Re: Updater Investigation


From: David Fifield <david () bamsoftware com>
Date: Tue, 21 Jun 2011 09:47:53 -0700

On Thu, Jun 16, 2011 at 05:32:32PM -0500, Ron wrote:
On Tue, 7 Jun 2011 17:00:17 -0700 Fyodor <fyodor () insecure org> wrote:
On Thu, Jun 02, 2011 at 01:45:31PM -0700, Colin L. Rice wrote:
David asked me to investigate more potential updating solutions
with regards to writing an auto-updater for nmap.

Thanks Colin.  I'm not sure of this, but I'm starting to think we
might want a hybrid approach between
just-updating-platform-independent-files and updating the binaries.
For example, one option is for the updater to do the following:
[...]

Of course there is the question of what platform-independent files we
should provide.  One option is to include the latest versions in svn,
but that might be too bleeding-edge for some.  Another option is to
maintain a tag/branch in SVN.  It could get bumped forward on an
automated fashion.  Maybe a new file change could be tagged after
there are no further changes to the affected file(s) in 24 hours.  And
we could do it manually if we really badly wanted to push an awesome
new script or change into the update stream.

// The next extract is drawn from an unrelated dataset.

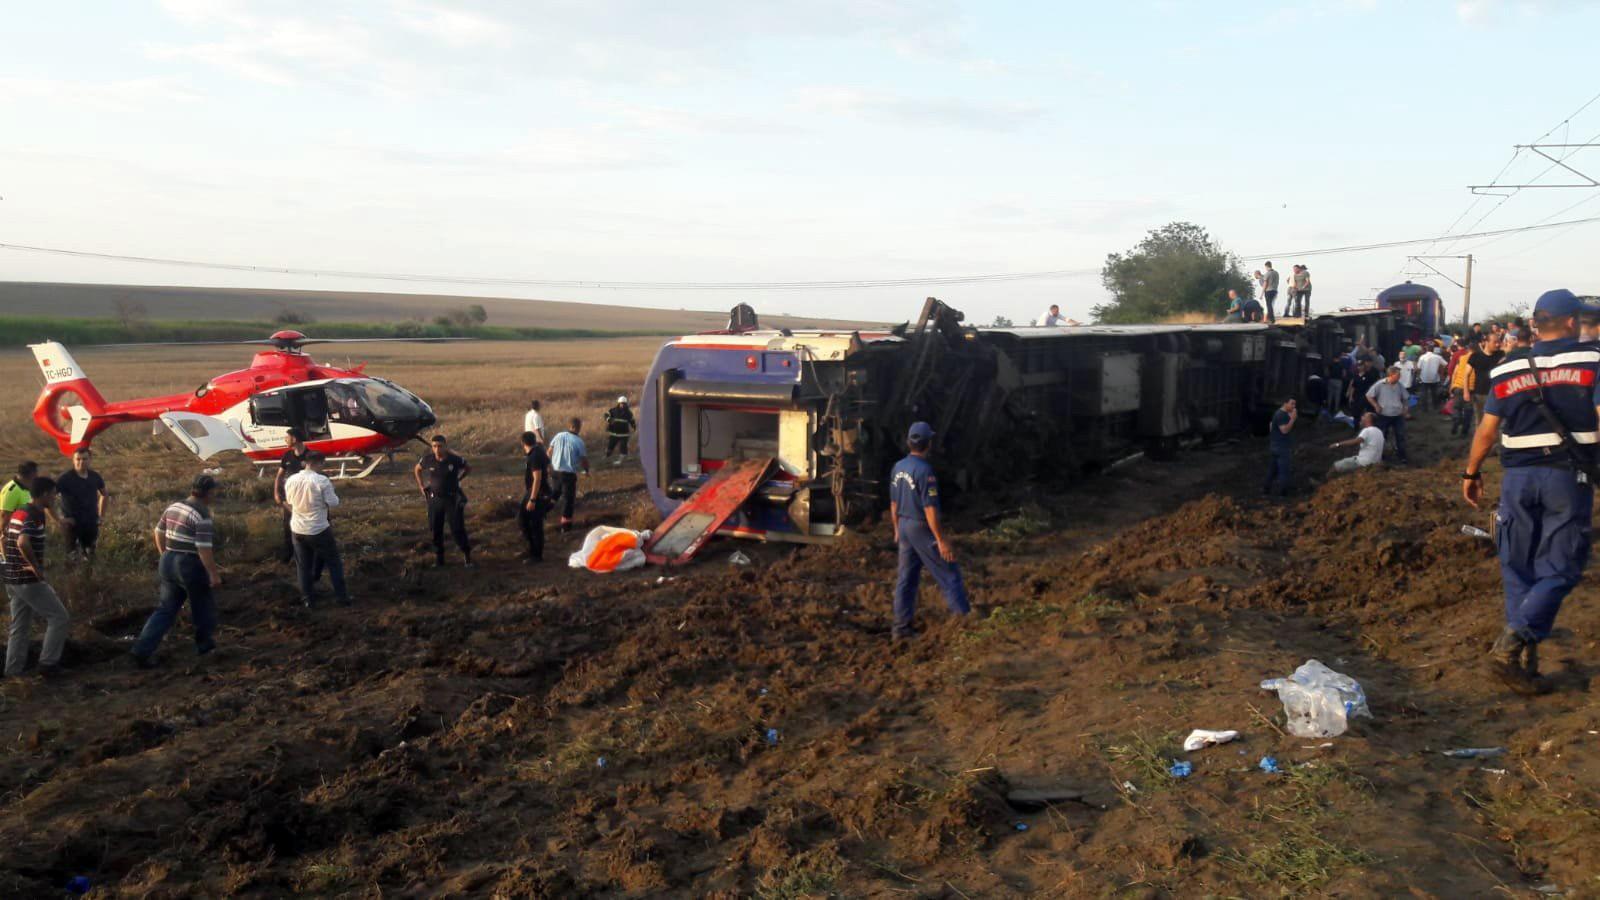 Çorlu Tren katliamı soruşturması: Ulaştırma Bakanlığı ve TCDD'ye takipsizlik

I'm not 100% convinced this is the right approach, but I wanted to at
least put it into writing as one option.
I think this is the right approach as well. I was going to suggest the same thing. 

One big advantage is that this is compatible with the various Linux
packaging systems that maintain the binaries, and can also be
potentially compatible with Windows/Mac auto-updaters since you aren't
changing the binary files - you're leaving those up to the user to
change on their own. That's a good thing, I think. You're getting the
scripts - which, by design, change quickly - and leaving the core -
which, by design, should be stable and only change periodically. 

I don't see how excluding binaries is any more compatible. Linux
packaging owns the non-binary files too. Maybe you mean that we set up a
reserved (initially empty) directory for updated files, that would be
explicitly outside the scope of other package management?